» **Task objective**
An exact restatement of the entire listing is needed, excluding all images.

» **Dataset content**
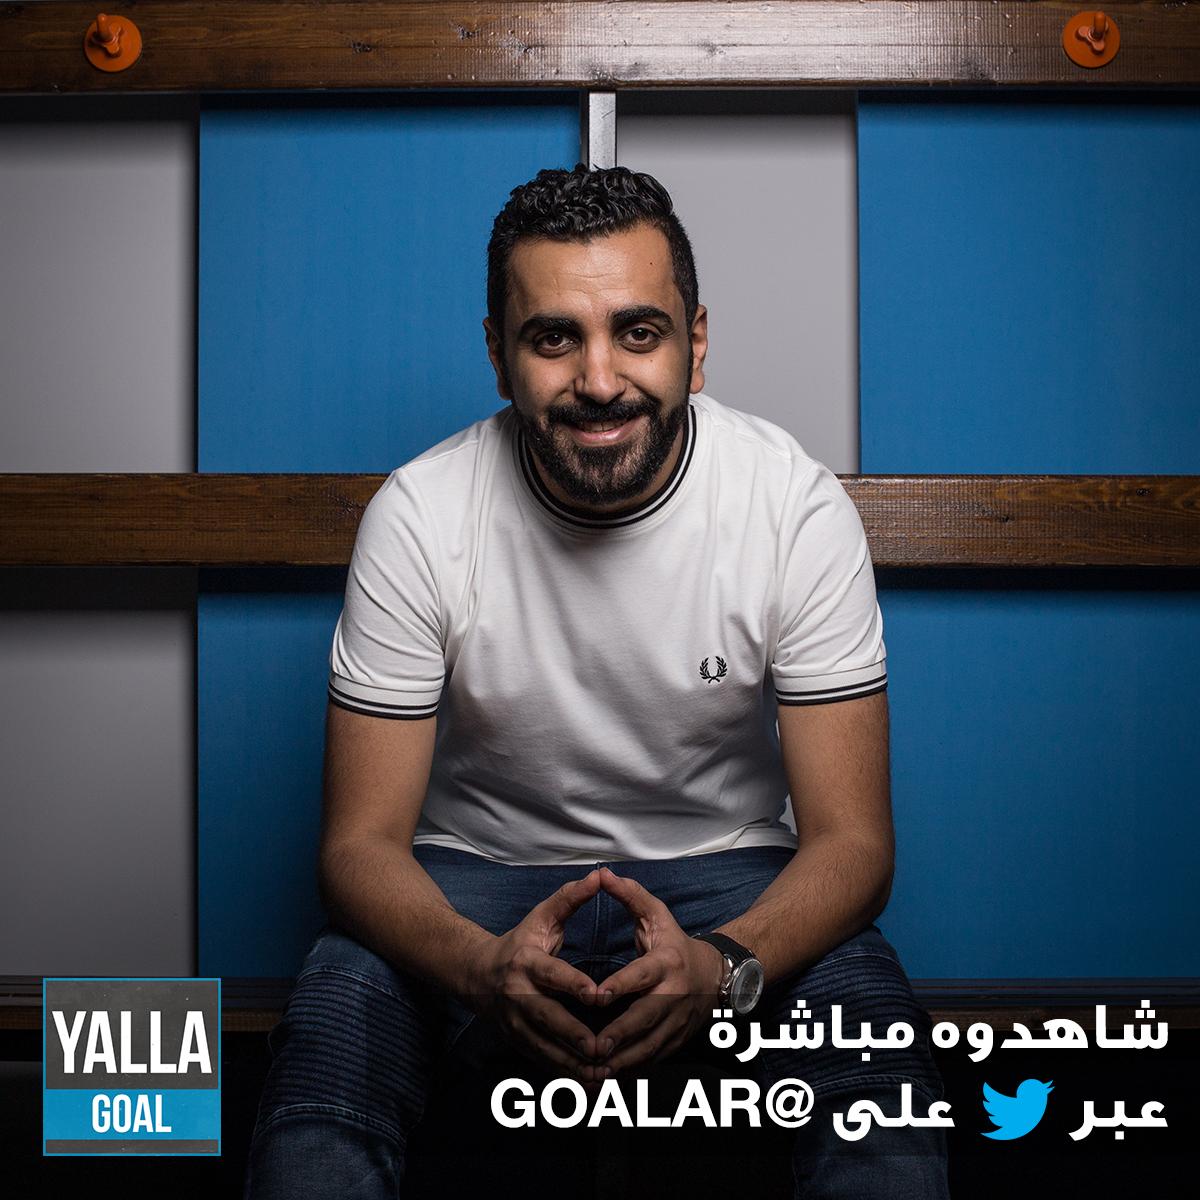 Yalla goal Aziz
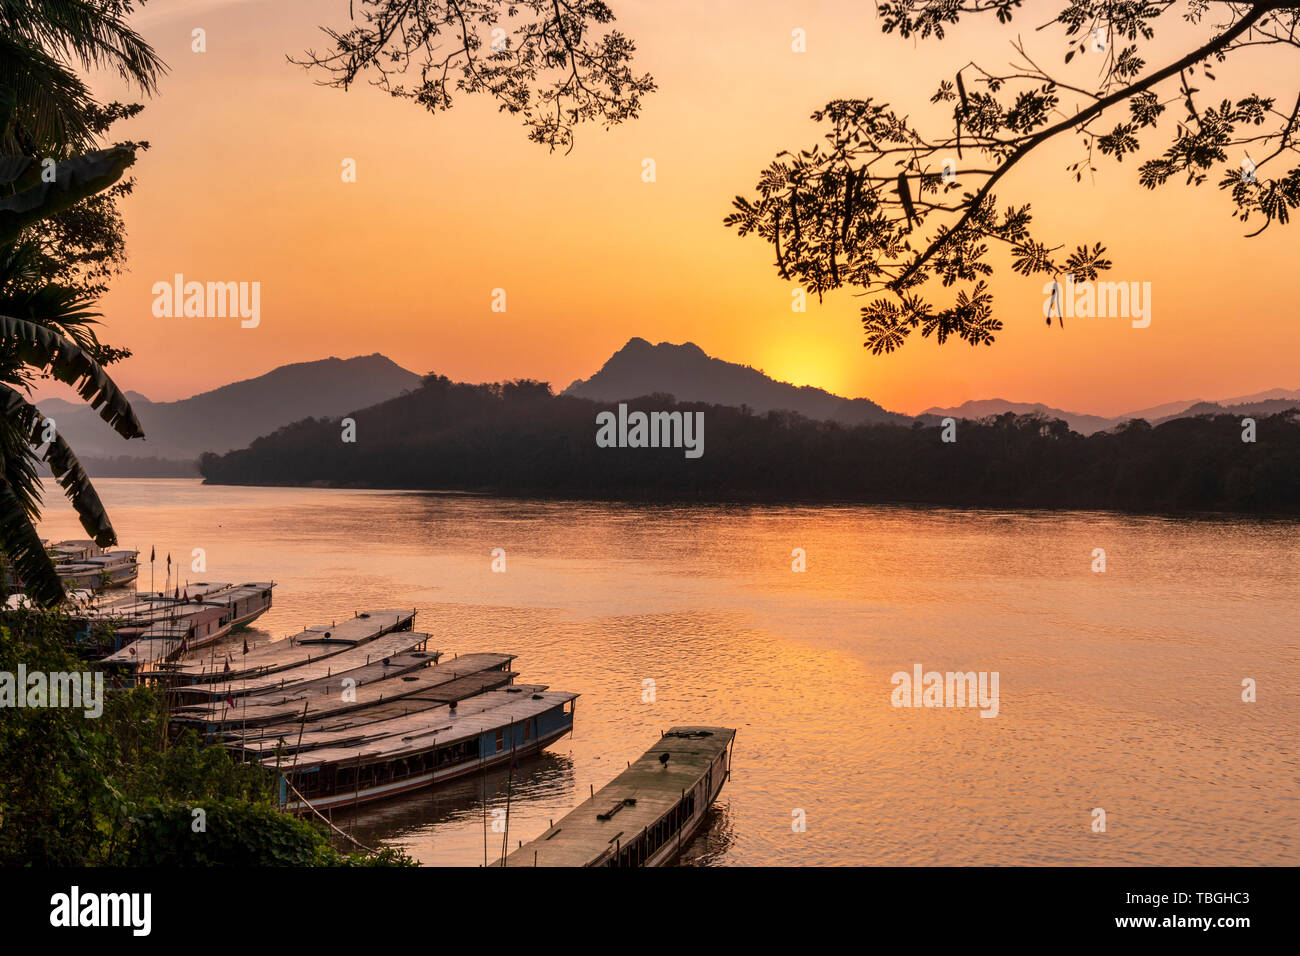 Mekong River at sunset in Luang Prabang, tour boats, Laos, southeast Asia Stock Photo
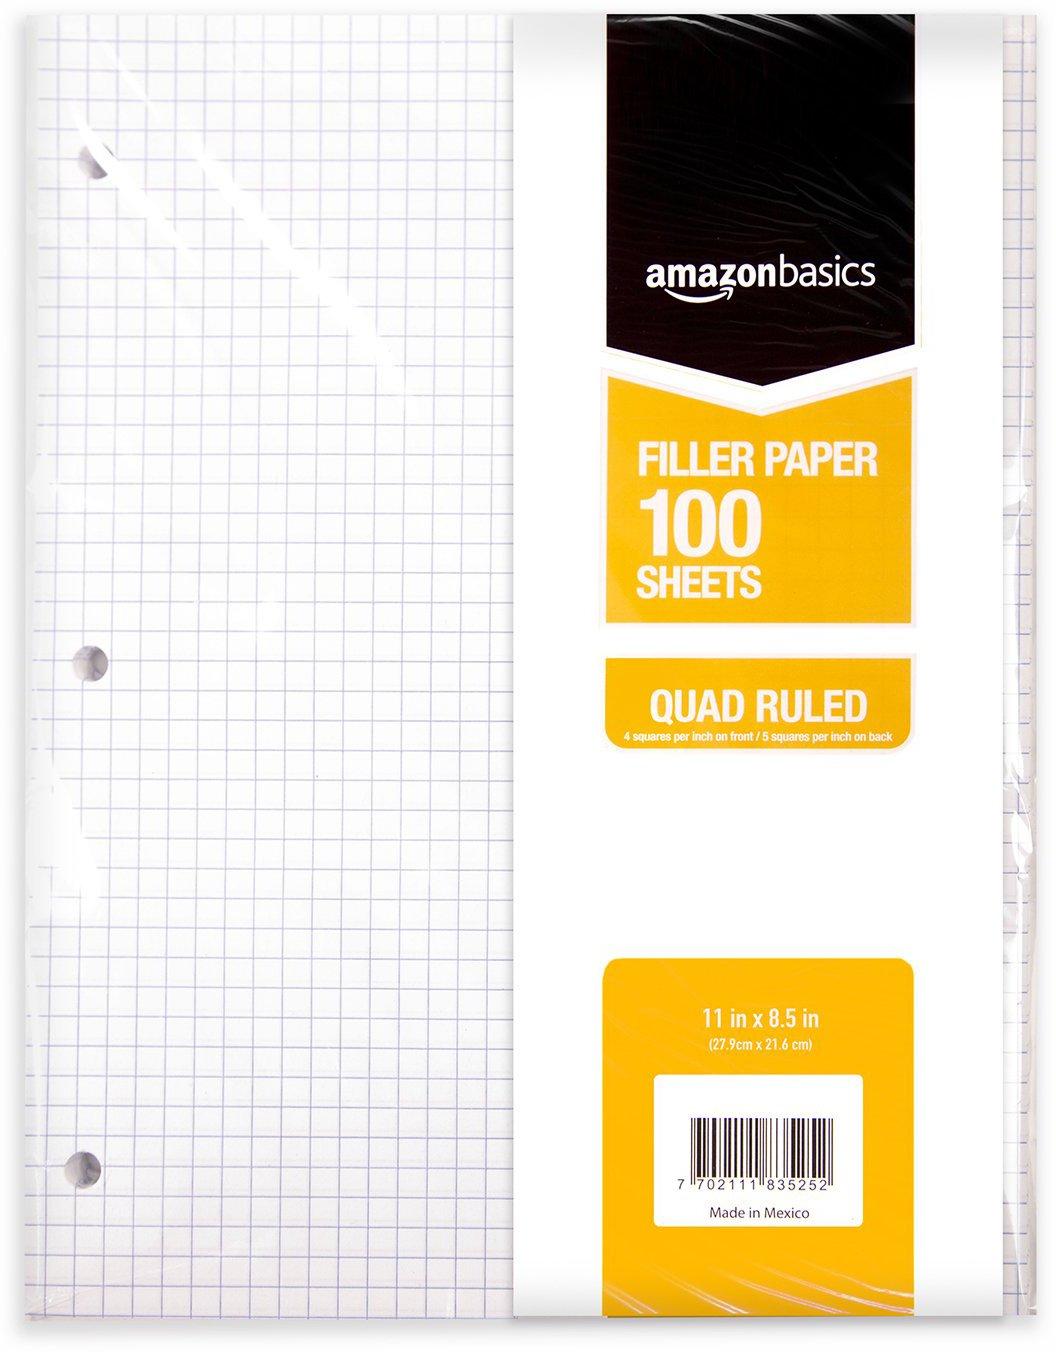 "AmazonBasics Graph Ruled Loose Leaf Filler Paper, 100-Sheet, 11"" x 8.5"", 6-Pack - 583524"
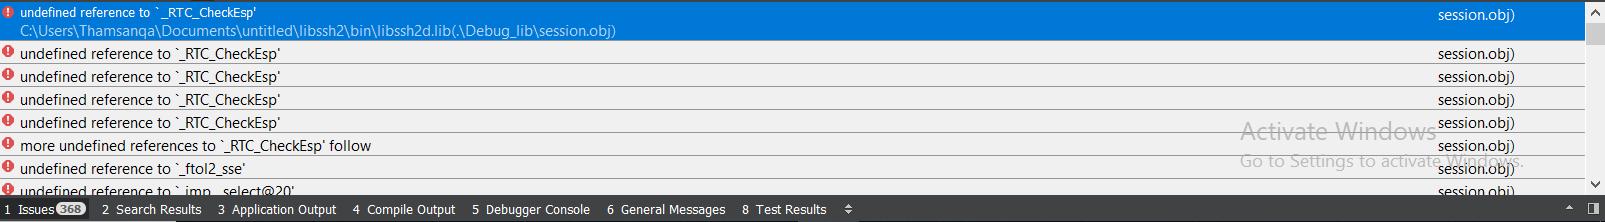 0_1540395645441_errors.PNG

» **Your response**
 Yalla goal Aziz
 Mekong River at sunset in Luang Prabang, tour boats, Laos, southeast Asia Stock Photo
 "AmazonBasics Graph Ruled Loose Leaf Filler Paper, 100-Sheet, 11"" x 8.5"", 6-Pack - 583524"
 0_1540395645441_errors.PNG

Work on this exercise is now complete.